- [What you need to do] Render every entry verbatim.

************

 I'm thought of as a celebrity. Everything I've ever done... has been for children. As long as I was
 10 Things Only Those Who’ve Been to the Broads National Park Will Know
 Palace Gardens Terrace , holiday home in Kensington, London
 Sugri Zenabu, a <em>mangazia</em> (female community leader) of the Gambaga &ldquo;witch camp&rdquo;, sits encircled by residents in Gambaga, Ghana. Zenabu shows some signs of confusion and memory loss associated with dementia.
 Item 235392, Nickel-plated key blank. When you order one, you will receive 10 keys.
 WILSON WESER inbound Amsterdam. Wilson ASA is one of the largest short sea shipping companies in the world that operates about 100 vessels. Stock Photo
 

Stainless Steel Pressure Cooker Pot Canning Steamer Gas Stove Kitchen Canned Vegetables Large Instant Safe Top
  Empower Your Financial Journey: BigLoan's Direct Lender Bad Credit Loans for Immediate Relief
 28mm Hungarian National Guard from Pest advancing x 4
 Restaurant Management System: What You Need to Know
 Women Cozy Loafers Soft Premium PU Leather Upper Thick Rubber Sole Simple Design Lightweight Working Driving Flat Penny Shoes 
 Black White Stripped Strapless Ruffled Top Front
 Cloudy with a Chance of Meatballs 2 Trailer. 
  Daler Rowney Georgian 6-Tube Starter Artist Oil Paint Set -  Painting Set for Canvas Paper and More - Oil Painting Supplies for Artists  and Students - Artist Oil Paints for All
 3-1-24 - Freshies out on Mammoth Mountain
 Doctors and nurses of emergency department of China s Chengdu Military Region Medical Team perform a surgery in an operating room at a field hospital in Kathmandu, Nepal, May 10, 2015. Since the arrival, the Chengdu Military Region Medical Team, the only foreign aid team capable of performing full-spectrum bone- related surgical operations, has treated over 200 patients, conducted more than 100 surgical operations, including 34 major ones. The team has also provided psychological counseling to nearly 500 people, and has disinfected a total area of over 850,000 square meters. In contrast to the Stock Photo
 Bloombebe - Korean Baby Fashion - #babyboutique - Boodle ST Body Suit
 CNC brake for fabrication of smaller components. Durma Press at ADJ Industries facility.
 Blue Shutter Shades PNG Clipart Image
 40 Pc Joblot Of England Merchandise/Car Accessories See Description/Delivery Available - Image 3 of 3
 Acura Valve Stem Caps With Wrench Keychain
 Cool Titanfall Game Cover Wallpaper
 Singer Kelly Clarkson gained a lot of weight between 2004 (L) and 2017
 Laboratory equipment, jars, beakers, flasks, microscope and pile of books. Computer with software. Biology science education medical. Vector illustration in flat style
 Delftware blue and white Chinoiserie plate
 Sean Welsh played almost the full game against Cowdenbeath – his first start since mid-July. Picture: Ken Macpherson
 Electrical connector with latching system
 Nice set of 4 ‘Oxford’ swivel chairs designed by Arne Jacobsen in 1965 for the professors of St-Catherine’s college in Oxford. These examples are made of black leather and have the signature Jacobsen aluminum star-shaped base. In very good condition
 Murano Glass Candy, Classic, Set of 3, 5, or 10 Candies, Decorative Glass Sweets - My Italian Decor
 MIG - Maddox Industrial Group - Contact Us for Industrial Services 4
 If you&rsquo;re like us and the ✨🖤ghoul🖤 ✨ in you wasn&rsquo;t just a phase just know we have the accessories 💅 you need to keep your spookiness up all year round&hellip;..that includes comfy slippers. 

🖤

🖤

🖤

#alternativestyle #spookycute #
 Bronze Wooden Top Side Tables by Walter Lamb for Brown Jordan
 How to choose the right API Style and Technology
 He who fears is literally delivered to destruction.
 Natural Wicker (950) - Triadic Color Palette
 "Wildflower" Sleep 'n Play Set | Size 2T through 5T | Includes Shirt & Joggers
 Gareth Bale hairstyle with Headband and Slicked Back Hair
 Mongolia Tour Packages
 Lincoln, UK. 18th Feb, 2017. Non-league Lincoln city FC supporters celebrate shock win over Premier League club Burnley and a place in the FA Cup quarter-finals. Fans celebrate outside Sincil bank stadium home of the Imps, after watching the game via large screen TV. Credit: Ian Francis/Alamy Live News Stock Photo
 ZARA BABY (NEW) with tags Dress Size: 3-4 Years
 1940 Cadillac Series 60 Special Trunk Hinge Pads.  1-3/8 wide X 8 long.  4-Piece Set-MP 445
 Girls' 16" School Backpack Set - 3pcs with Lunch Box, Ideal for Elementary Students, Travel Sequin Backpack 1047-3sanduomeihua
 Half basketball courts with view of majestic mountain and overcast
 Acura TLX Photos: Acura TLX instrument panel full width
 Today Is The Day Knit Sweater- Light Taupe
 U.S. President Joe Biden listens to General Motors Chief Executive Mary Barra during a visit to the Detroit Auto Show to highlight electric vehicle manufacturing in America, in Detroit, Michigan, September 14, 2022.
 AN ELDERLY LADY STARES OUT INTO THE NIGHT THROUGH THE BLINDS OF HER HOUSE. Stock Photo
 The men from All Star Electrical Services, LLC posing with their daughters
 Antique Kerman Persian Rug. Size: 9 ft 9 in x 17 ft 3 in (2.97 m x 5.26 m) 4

************

- [Response area]
 I'm thought of as a celebrity. Everything I've ever done... has been for children. As long as I was
 10 Things Only Those Who’ve Been to the Broads National Park Will Know
 Palace Gardens Terrace , holiday home in Kensington, London
 Sugri Zenabu, a <em>mangazia</em> (female community leader) of the Gambaga &ldquo;witch camp&rdquo;, sits encircled by residents in Gambaga, Ghana. Zenabu shows some signs of confusion and memory loss associated with dementia.
 Item 235392, Nickel-plated key blank. When you order one, you will receive 10 keys.
 WILSON WESER inbound Amsterdam. Wilson ASA is one of the largest short sea shipping companies in the world that operates about 100 vessels. Stock Photo
 

Stainless Steel Pressure Cooker Pot Canning Steamer Gas Stove Kitchen Canned Vegetables Large Instant Safe Top
  Empower Your Financial Journey: BigLoan's Direct Lender Bad Credit Loans for Immediate Relief
 28mm Hungarian National Guard from Pest advancing x 4
 Restaurant Management System: What You Need to Know
 Women Cozy Loafers Soft Premium PU Leather Upper Thick Rubber Sole Simple Design Lightweight Working Driving Flat Penny Shoes 
 Black White Stripped Strapless Ruffled Top Front
 Cloudy with a Chance of Meatballs 2 Trailer. 
  Daler Rowney Georgian 6-Tube Starter Artist Oil Paint Set -  Painting Set for Canvas Paper and More - Oil Painting Supplies for Artists  and Students - Artist Oil Paints for All
 3-1-24 - Freshies out on Mammoth Mountain
 Doctors and nurses of emergency department of China s Chengdu Military Region Medical Team perform a surgery in an operating room at a field hospital in Kathmandu, Nepal, May 10, 2015. Since the arrival, the Chengdu Military Region Medical Team, the only foreign aid team capable of performing full-spectrum bone- related surgical operations, has treated over 200 patients, conducted more than 100 surgical operations, including 34 major ones. The team has also provided psychological counseling to nearly 500 people, and has disinfected a total area of over 850,000 square meters. In contrast to the Stock Photo
 Bloombebe - Korean Baby Fashion - #babyboutique - Boodle ST Body Suit
 CNC brake for fabrication of smaller components. Durma Press at ADJ Industries facility.
 Blue Shutter Shades PNG Clipart Image
 40 Pc Joblot Of England Merchandise/Car Accessories See Description/Delivery Available - Image 3 of 3
 Acura Valve Stem Caps With Wrench Keychain
 Cool Titanfall Game Cover Wallpaper
 Singer Kelly Clarkson gained a lot of weight between 2004 (L) and 2017
 Laboratory equipment, jars, beakers, flasks, microscope and pile of books. Computer with software. Biology science education medical. Vector illustration in flat style
 Delftware blue and white Chinoiserie plate
 Sean Welsh played almost the full game against Cowdenbeath – his first start since mid-July. Picture: Ken Macpherson
 Electrical connector with latching system
 Nice set of 4 ‘Oxford’ swivel chairs designed by Arne Jacobsen in 1965 for the professors of St-Catherine’s college in Oxford. These examples are made of black leather and have the signature Jacobsen aluminum star-shaped base. In very good condition
 Murano Glass Candy, Classic, Set of 3, 5, or 10 Candies, Decorative Glass Sweets - My Italian Decor
 MIG - Maddox Industrial Group - Contact Us for Industrial Services 4
 If you&rsquo;re like us and the ✨🖤ghoul🖤 ✨ in you wasn&rsquo;t just a phase just know we have the accessories 💅 you need to keep your spookiness up all year round&hellip;..that includes comfy slippers. 

🖤

🖤

🖤

#alternativestyle #spookycute #
 Bronze Wooden Top Side Tables by Walter Lamb for Brown Jordan
 How to choose the right API Style and Technology
 He who fears is literally delivered to destruction.
 Natural Wicker (950) - Triadic Color Palette
 "Wildflower" Sleep 'n Play Set | Size 2T through 5T | Includes Shirt & Joggers
 Gareth Bale hairstyle with Headband and Slicked Back Hair
 Mongolia Tour Packages
 Lincoln, UK. 18th Feb, 2017. Non-league Lincoln city FC supporters celebrate shock win over Premier League club Burnley and a place in the FA Cup quarter-finals. Fans celebrate outside Sincil bank stadium home of the Imps, after watching the game via large screen TV. Credit: Ian Francis/Alamy Live News Stock Photo
 ZARA BABY (NEW) with tags Dress Size: 3-4 Years
 1940 Cadillac Series 60 Special Trunk Hinge Pads.  1-3/8 wide X 8 long.  4-Piece Set-MP 445
 Girls' 16" School Backpack Set - 3pcs with Lunch Box, Ideal for Elementary Students, Travel Sequin Backpack 1047-3sanduomeihua
 Half basketball courts with view of majestic mountain and overcast
 Acura TLX Photos: Acura TLX instrument panel full width
 Today Is The Day Knit Sweater- Light Taupe
 U.S. President Joe Biden listens to General Motors Chief Executive Mary Barra during a visit to the Detroit Auto Show to highlight electric vehicle manufacturing in America, in Detroit, Michigan, September 14, 2022.
 AN ELDERLY LADY STARES OUT INTO THE NIGHT THROUGH THE BLINDS OF HER HOUSE. Stock Photo
 The men from All Star Electrical Services, LLC posing with their daughters
 Antique Kerman Persian Rug. Size: 9 ft 9 in x 17 ft 3 in (2.97 m x 5.26 m) 4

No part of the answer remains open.